Nearly 60 per cent of Ontario residents with rheumatoid arthritis aren't given quick access to a specialist, even though early treatment is critical, a new report finds.

Rheumatoid arthritis, or RA, is an autoimmune disease marked by inflammation of numerous joints and connective tissues. It differs from the more common form of arthritis, osteoarthritis, which usually develops in older age and is often due to "wear and tear" on specific joints.

RA can affect people of all ages, from toddlers to seniors, and women are twice as likely to be affected as men.

Once it's diagnosed, it's important for patients to see a specialist within three to six months, because, if left untreated, the disorder can lead to bone erosion, joint deformity and disability. They should then see specialists regularly to manage their condition.

"Unfortunately, only 42 per cent of women with rheumatoid arthritis in Ontario see specialists each year," Dr. Arlene Bierman, a physician at St. Michael's Hospital in Toronto and principal investigator of the study, said in a news release.

Bierman and her team from St. Mike's and the Institute for Clinical and Evaluative Sciences (ICES) found that younger women are less likely to see a specialist than women 45 or older. As well, they found that low-income women are less likely to have seen a specialist than those with higher incomes.

The team also found that a person's likelihood of seeing a specialist depends on where they live in the province, with many of those in remote communities waiting longer for care.

"Access to these services is important and there is much that can be done to improve this access through innovations in how we organize and deliver care for chronic disease," Bierman said.

The report is based on Ontario data, but undertreatment of rheumatoid arthritis is a problem across the country. That's in part because there are only about 350 arthritis specialists in all of Canada – and that figure includes those specialists who are strictly researchers and don't see patients.

Studies have shown that family doctors often fail to refer RA patients to specialists quickly.

Lynn Robinson knows that well. The 45-year-old says she failed to get an early diagnosis and treatment for her RA, which kept her off work and in severe pain for months.

"Each day, the pain became progressively worse until I couldn't dress myself, brush my teeth or even hold a pen," Robinson said in a news release from St. Michael's.
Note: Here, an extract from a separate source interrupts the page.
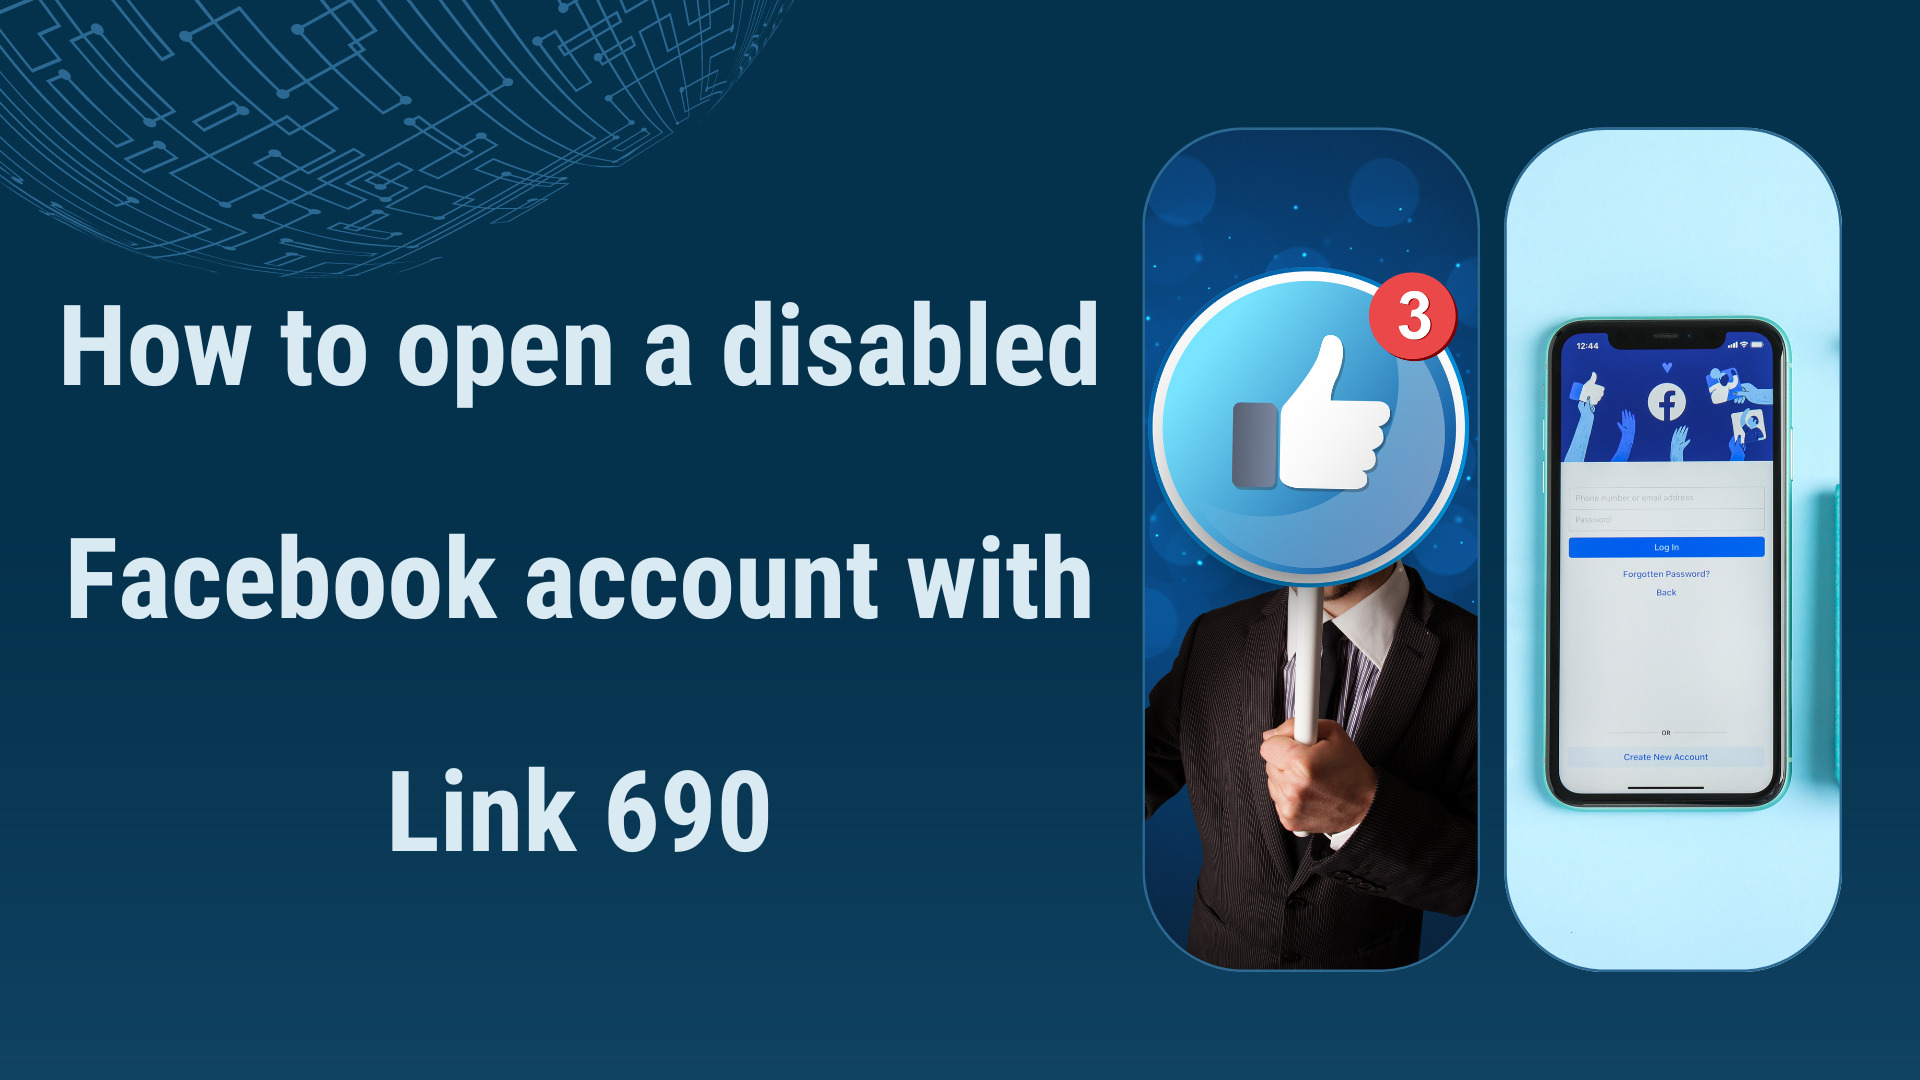 How to open a disabled Facebook account with Link 690

"I was off work and in excruciating pain. My doctor dismissed the idea that the symptoms could be arthritis until I finally pushed to see a specialist who confirmed my suspicion. Now, I'm on treatment and have been able to resume my daily activities, pain-free."

The study made other findings about care for other conditions that affect the bones, joints ligaments and tendons of Ontarians, including:

  • About 40 per cent of women and 35 per cent of men living with a musculoskeletal disease, including arthritis, also suffer from at least one other common chronic condition, such as diabetes or heart disease.
  • Women who have musculoskeletal disease have higher rates of disability than men with these conditions. Nearly 40 per cent of women and about 23 per cent of men living with musculoskeletal disease reported moderate to severe disability including limitations to their daily activities such as housework, laundry, grocery shopping, dressing, or washing.
  • Physical therapy is important to managing musculoskeletal conditions. But only 15 per cent of adults with these conditions reported seeing a physiotherapist at least once in the previous year.
  • Gaps in the care of osteoporosis also persist. Two thirds of men and women who required it after a fracture did not receive a bone mineral density test or medication to reduce the risk of a subsequent fracture.

The findings come from the latest chapter of the Project for an Ontario Women's Health Evidence-Based Report (POWER) study. The joint study between St. Michael's Hospital and ICES aims to provide a comprehensive overview of women's health in relation to gender, income, education, ethnicity and geography.

The study is being funded by Echo: Improving Women's Health in Ontario, an agency of the Ontario Ministry of Health and Long-Term Care.